One purpose of this assignment is to test whether you meet the prerequisites of this course and to warm you up for future kernel programming assignments.

You do not need to turn in any answers except code for the exercises in this assignment, but you must go through them for your own understanding and preparation for the exams.

Software Setup

The source files needed for this assignment are distributed using the Git distributed version control software. To learn about Git, take a look at the Git user's manual, or, if you are already familiar with other version control systems, you may find this Git overview useful.

Follow these instructions to install QEMU.

To get the xv6 source code for this assignment, run the following command

$ git clone http://debug.cs.columbia.edu/xv6.git xv6 -b hw1

This command clones the course Git repository onto your local machine (the "clone" command), and switch to the "hw1" branch (the "checkout" command). Then you can modify the source files, and Git automatically tracks your changes. If you add a new file, you should tell Git to track this file by running

$ git add <new file>

To generate an intermediate checkpoint of the source files, you can commit your changes to your local repository by running

$ git commit -am 'whatever comments you have for this commit'
[hw2 9bad18e] whatever comments you have for this commit
 1 files changed, 1 insertions(+), 1 deletions(-)

You can also run git diff HEAD to see what you have changed since your last commit. To see what you've changed since you cloned the repository, run git diff origin/hw1.

Part A: PC Bootstrap

Getting Started with x86 assembly

If you are not already familiar with x86 assembly language, you will quickly become familiar with it during this course! The PC Assembly Language Book is an excellent place to start. Hopefully, the book contains mixture of new and old material for you.

Warning: Unfortunately the examples in the book are written for the NASM assembler, whereas we will be using the GNU assembler. NASM uses the so-called Intel syntax while GNU uses the AT&T syntax. While semantically equivalent, an assembly file will differ quite a lot, at least superficially, depending on which syntax is used. Luckily the conversion between the two is pretty simple, and is covered in Brennan's Guide to Inline Assembly.

Exercise 1. Familiarize yourself with the assembly language materials available on the course resources page. You don't have to read them now, but you'll almost certainly want to refer to some of this material when reading and writing x86 assembly. We do recommend reading the section "The Syntax" in this book. It gives a good (and quite brief) description of the AT&T assembly syntax we'll be using with the GNU assembler in xv6.

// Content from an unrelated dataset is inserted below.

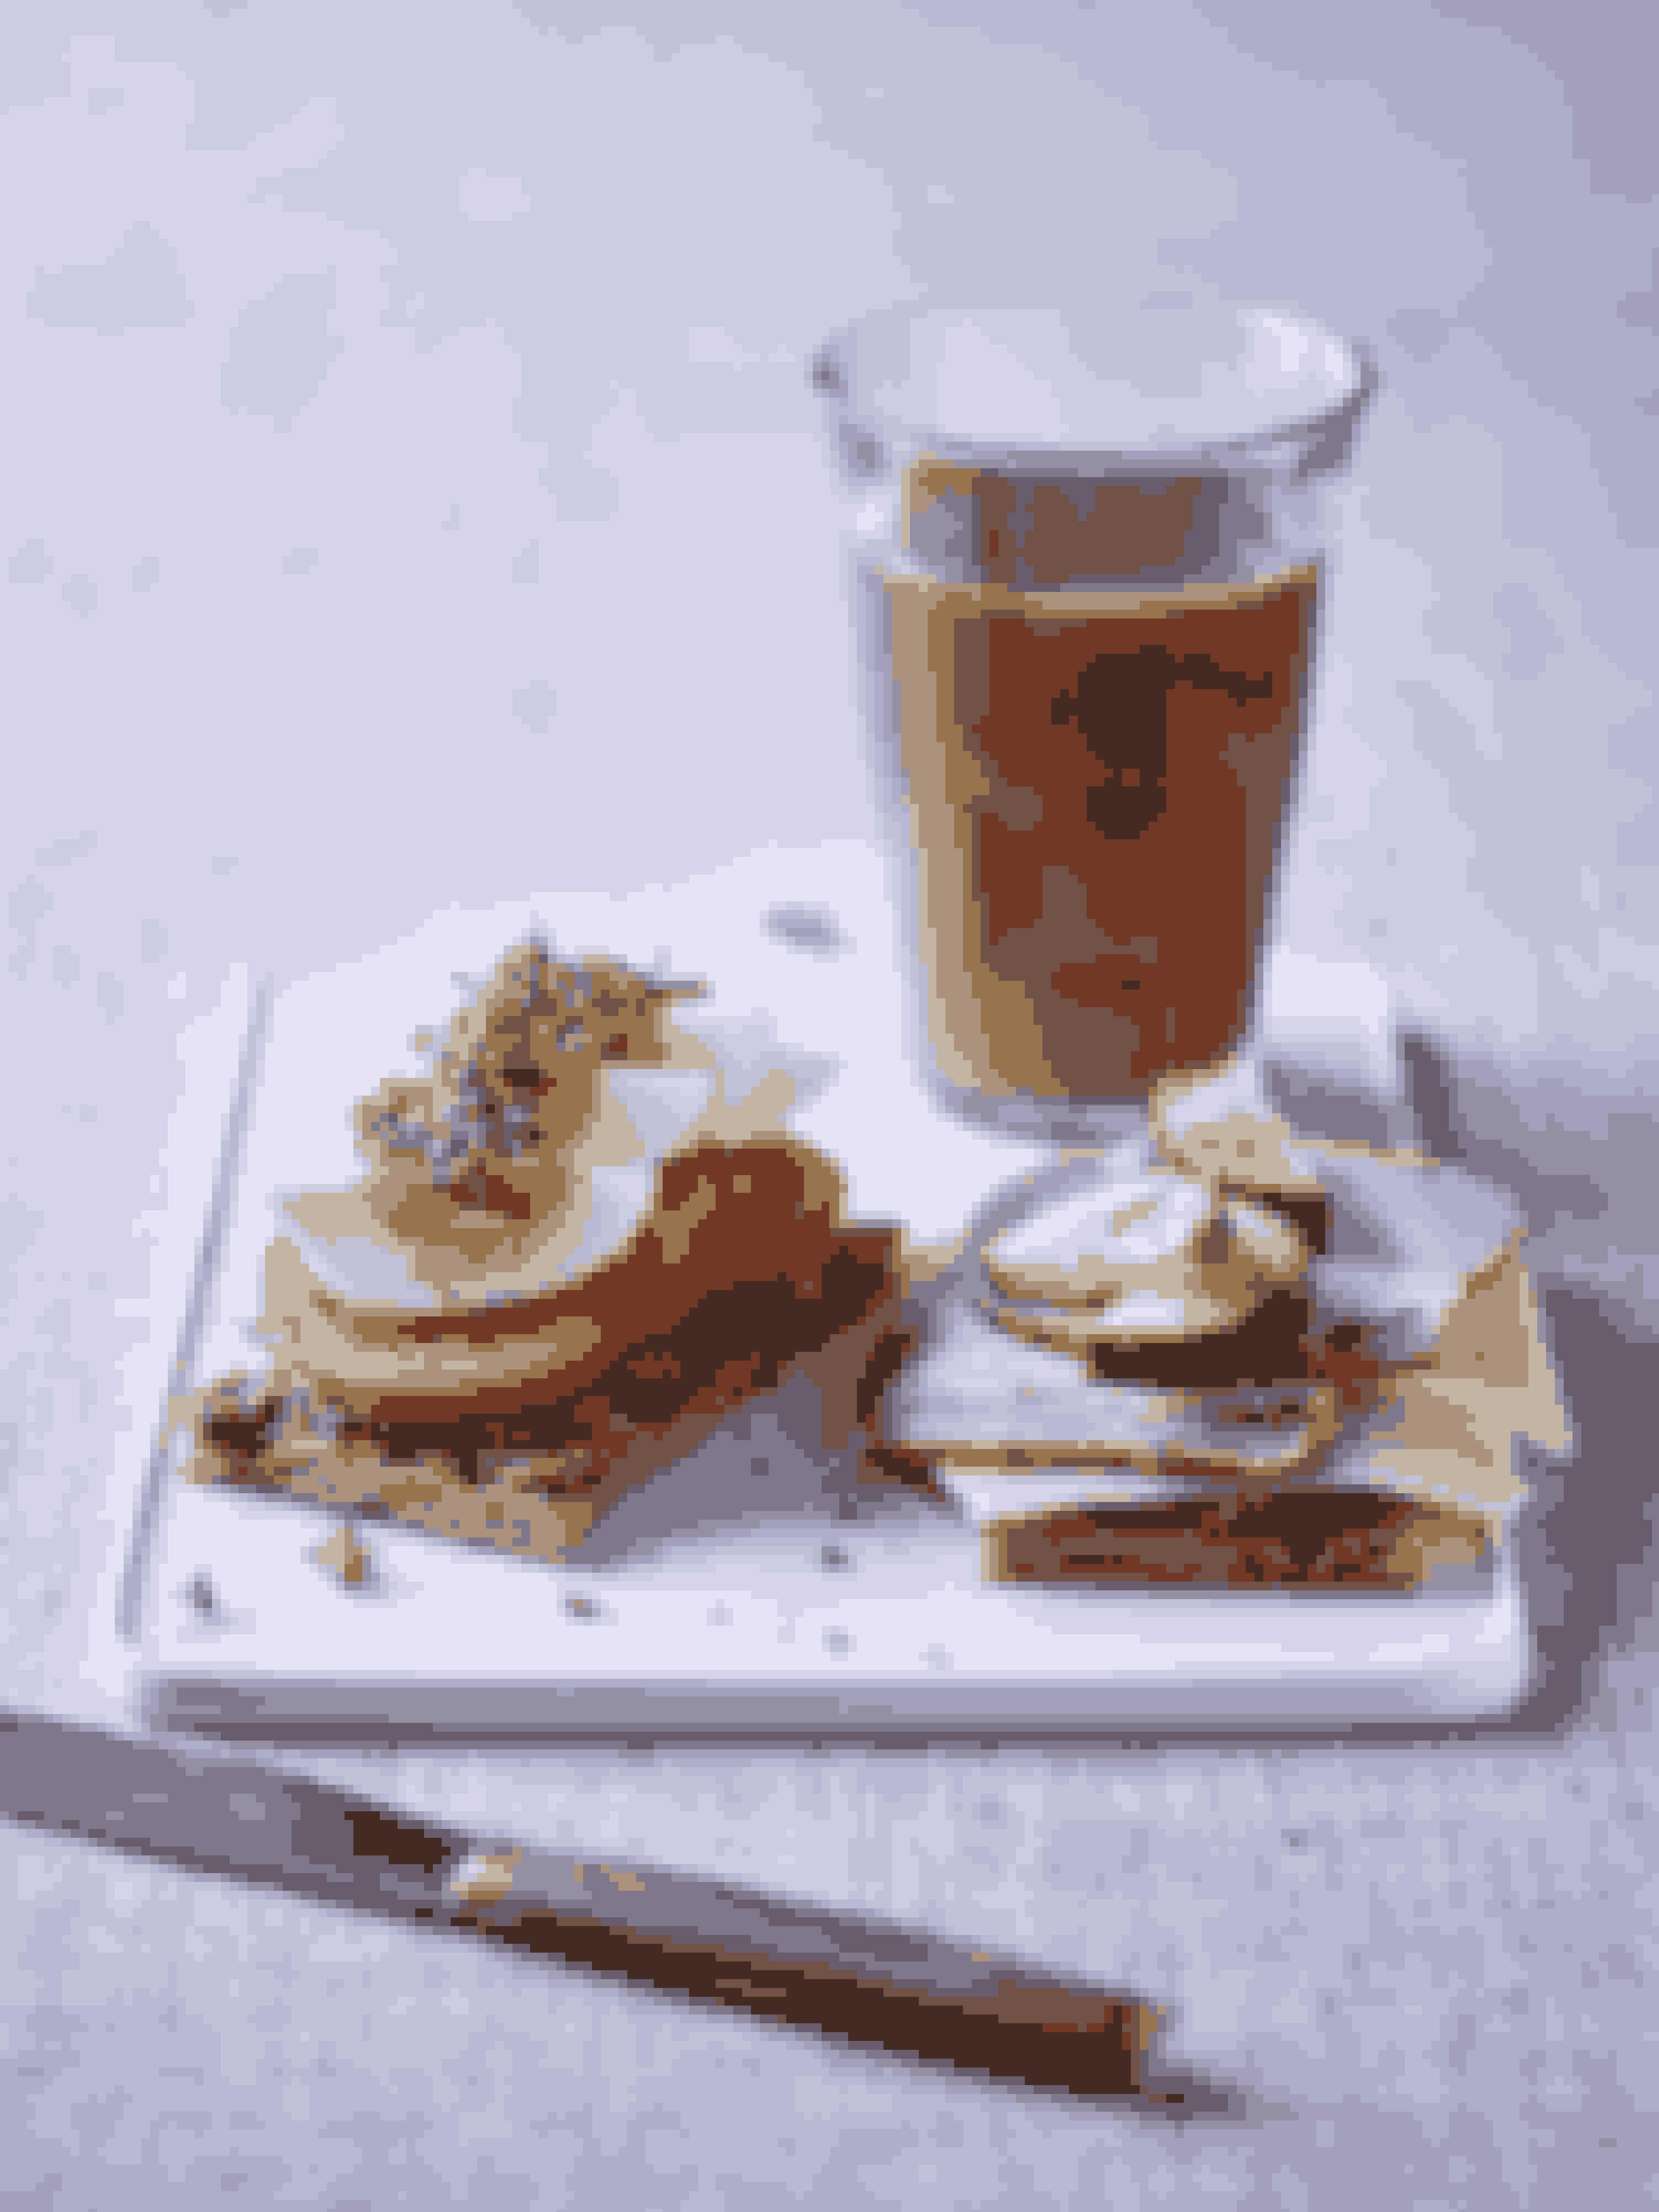 Tilberedningstid: 5-10 minutterMængde: 1 personDet skal du bruge1 skive fuldkornsknækbrød1 spsk. grøn pesto (cirka 15 g)1 tomat1 kogt æg1 spsk. karse1 skive fuldkornsknækbrød1 spsk. rød pesto (cirka 15 g)2 skiver mager ost max. 30+2 skiver hamburgerryg2 skiver agurkLidt peber½ dl minimælk (valgfrit)1 krus kaffe/teSådan gør duSmør det ene stykke knækbrød med grøn pesto. Skær tomaten i skiver og ægget i både og læg det på knækbrødet. Pynt med karse.Smør det andet stykke knækbrød med rød pesto. Læg ost, hamburgerryg og agurk på knækbrødet. Drys lidt peber på.Det bør der ligge på din tallerkenTo stykker knækbrød med pålæg. Dertil kaffe eller te - eventuelt med mælk.Sådan fordeler du efter Sense-tallerkenmodellenHåndfuld 1+(2):  Tomat, agurk, karseHåndfuld 3:  Æg, ost, hamburgerrygHåndfuld 4:  KnækbrødFedt:  Grøn pesto, rød pestoMælkeprodukt:  MinimælkSmagsgiver: PeberTip: Pesto giver masser af smag, men du kan fint bruge smør i stedet.

Certainly the definitive reference for x86 assembly language programming is Intel's instruction set architecture reference, which you can find on in two flavors: an HTML edition of 80386 Programmer's Reference Manual from MIT folks; and the full, latest and greatest IA-32 Intel Architecture Software Developer's Manuals from Intel, covering all the features of the most recent processors that we won't need in class but you may be interested in learning about.

You should skim the recommended chapters of the PC Assembly book, and "The Syntax" section in Brennan's Guide now. Save the Intel/AMD architecture manuals for later or use them for reference when you want to look up the definitive explanation of a particular processor feature or instruction.

Simulating the x86

Instead of developing the operating system on a real, physical personal computer (PC), we use QEMU Emulator which faithfully emulates a complete PC: the code you write for QEMU will boot on a real PC too. Using an emulator instead of a real PC simplifies debugging; you can, for example, set break points inside of the emulated x86, which is difficult to do with the silicon version of an x86.

While QEMU's built-in monitor provides only limited debugging support, QEMU can act as a remote debugging target for the GNU debugger (GDB), which we'll use in this assignment to step through the early boot process.

To get started, clone our xv6 repository as described above in "Setup", then type make in the xv6 directory to build the boot loader and kernel you will start with.

$ cd xv6
$ make
...
dd if=kernel of=xv6.img seek=1 conv=notrunc
281+1 records in
281+1 records out
144356 bytes transferred in 0.061452 secs (2349080 bytes/sec)
rm wc.o grep.o mkdir.o rm.o ln.o stressfs.o kill.o echo.o init.o usertests.o
zombie.o cat.o sh.o ls.o

Now you're ready to run QEMU, supplying the file xv6.img and fs.img created above. xv6.img serves as the emulated PC's "virtual hard disk", which contains both our boot loader (bootmain) and our kernel (kernel). The second virtual disk fs.img contains a file system you will later examine after the system boots up.

To run xv6 under QEMU, type make qemu:

$ make qemu
qemu -serial mon:stdio -hdb fs.img xv6.img -smp 2
xv6...

cpu0: starting xv6

lapicinit: 1 0xfee00000
cpu1: starting
init: starting sh
cpu0: starting
Spurious IDE interrupt.

A separate window should appear containing the display of the virtual machine. After a few seconds, QEMU's virtual BIOS will load xv6's boot loader from a virtual hard drive image contained in the file xv6.img, and the boot loader will in turn load and run the xv6 kernel.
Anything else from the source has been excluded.